DATA SECTION:
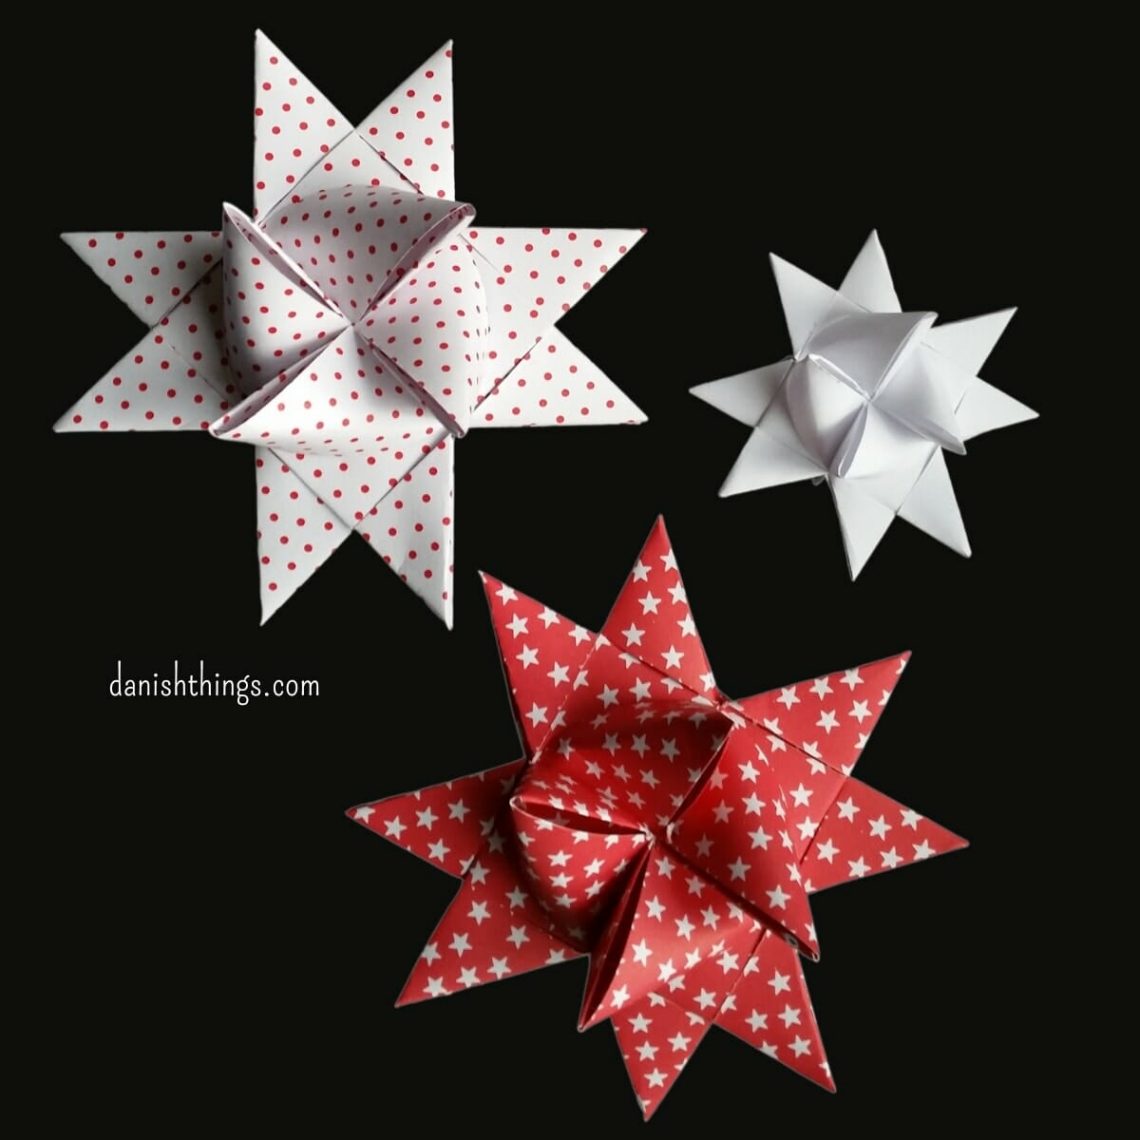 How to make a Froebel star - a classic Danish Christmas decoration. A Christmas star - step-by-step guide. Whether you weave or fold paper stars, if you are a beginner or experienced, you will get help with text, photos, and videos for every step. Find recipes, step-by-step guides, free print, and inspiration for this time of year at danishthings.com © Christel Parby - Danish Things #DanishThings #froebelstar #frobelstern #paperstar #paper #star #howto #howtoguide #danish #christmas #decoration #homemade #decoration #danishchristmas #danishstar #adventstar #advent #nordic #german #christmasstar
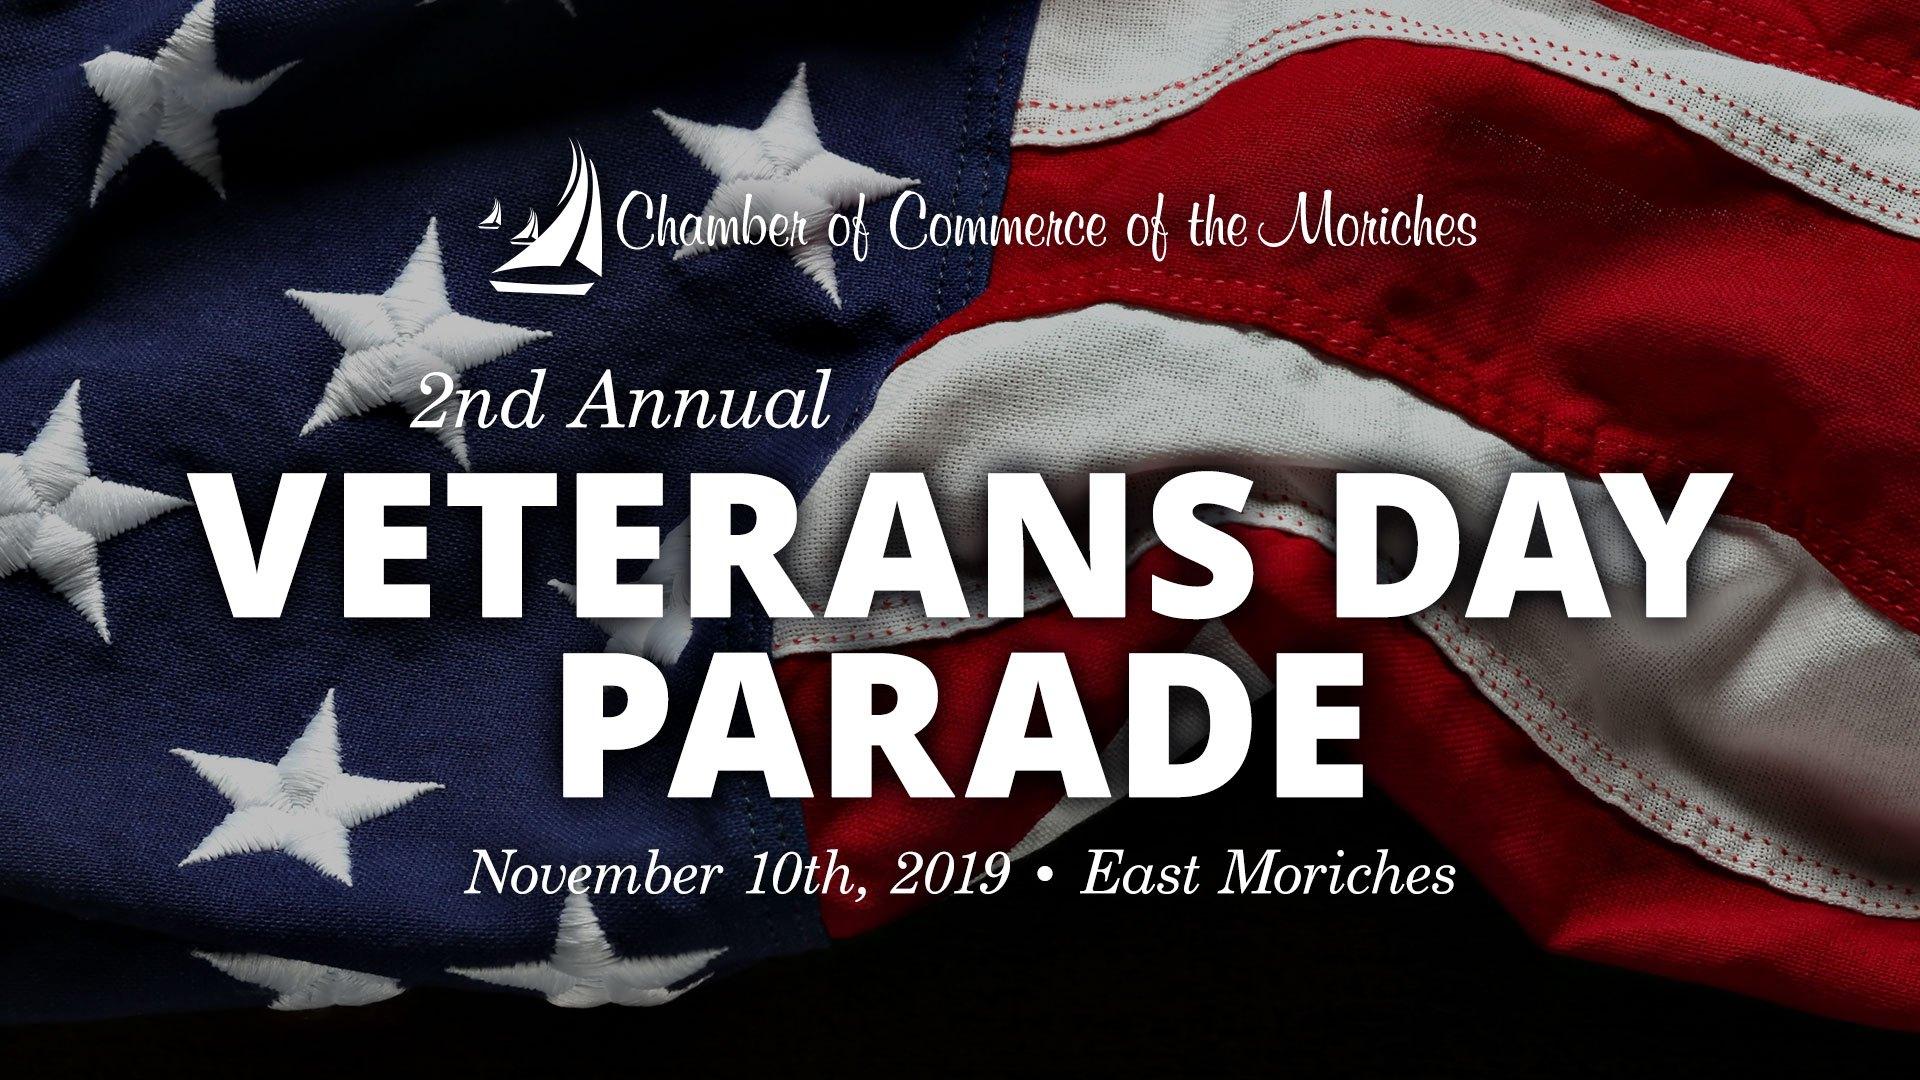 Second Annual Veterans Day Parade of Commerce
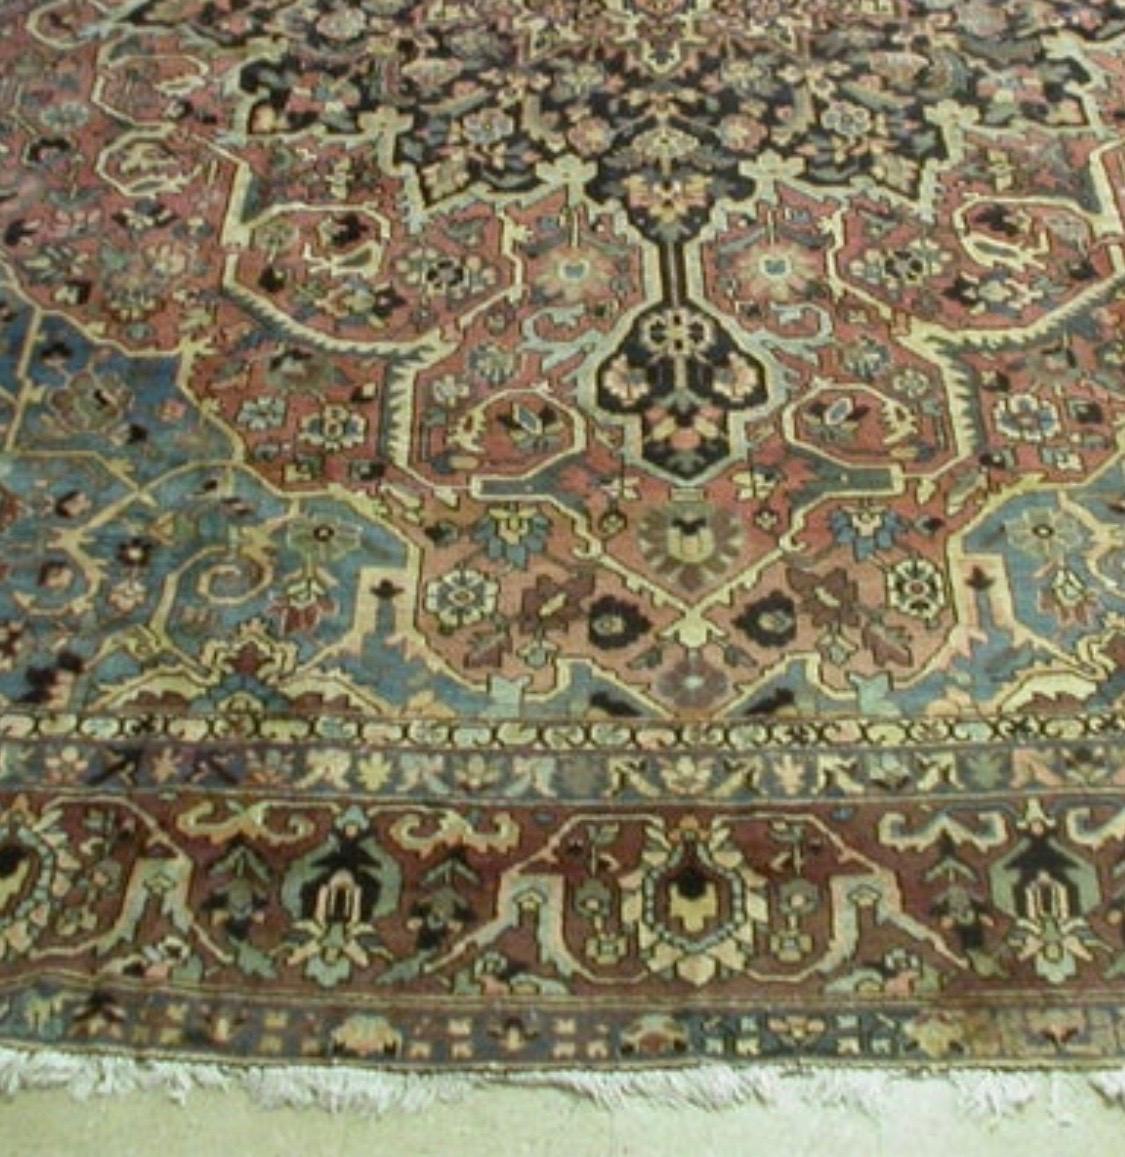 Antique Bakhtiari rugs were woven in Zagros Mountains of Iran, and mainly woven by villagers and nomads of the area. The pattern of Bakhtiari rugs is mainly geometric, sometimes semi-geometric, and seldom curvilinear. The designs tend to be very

REQUIRED WORK:
Reproduce the listing word for word, but keep the pictures out of it.

SOLVED EXERCISE:
 How to make a Froebel star - a classic Danish Christmas decoration. A Christmas star - step-by-step guide. Whether you weave or fold paper stars, if you are a beginner or experienced, you will get help with text, photos, and videos for every step. Find recipes, step-by-step guides, free print, and inspiration for this time of year at danishthings.com © Christel Parby - Danish Things #DanishThings #froebelstar #frobelstern #paperstar #paper #star #howto #howtoguide #danish #christmas #decoration #homemade #decoration #danishchristmas #danishstar #adventstar #advent #nordic #german #christmasstar
 Second Annual Veterans Day Parade of Commerce
 Antique Bakhtiari rugs were woven in Zagros Mountains of Iran, and mainly woven by villagers and nomads of the area. The pattern of Bakhtiari rugs is mainly geometric, sometimes semi-geometric, and seldom curvilinear. The designs tend to be very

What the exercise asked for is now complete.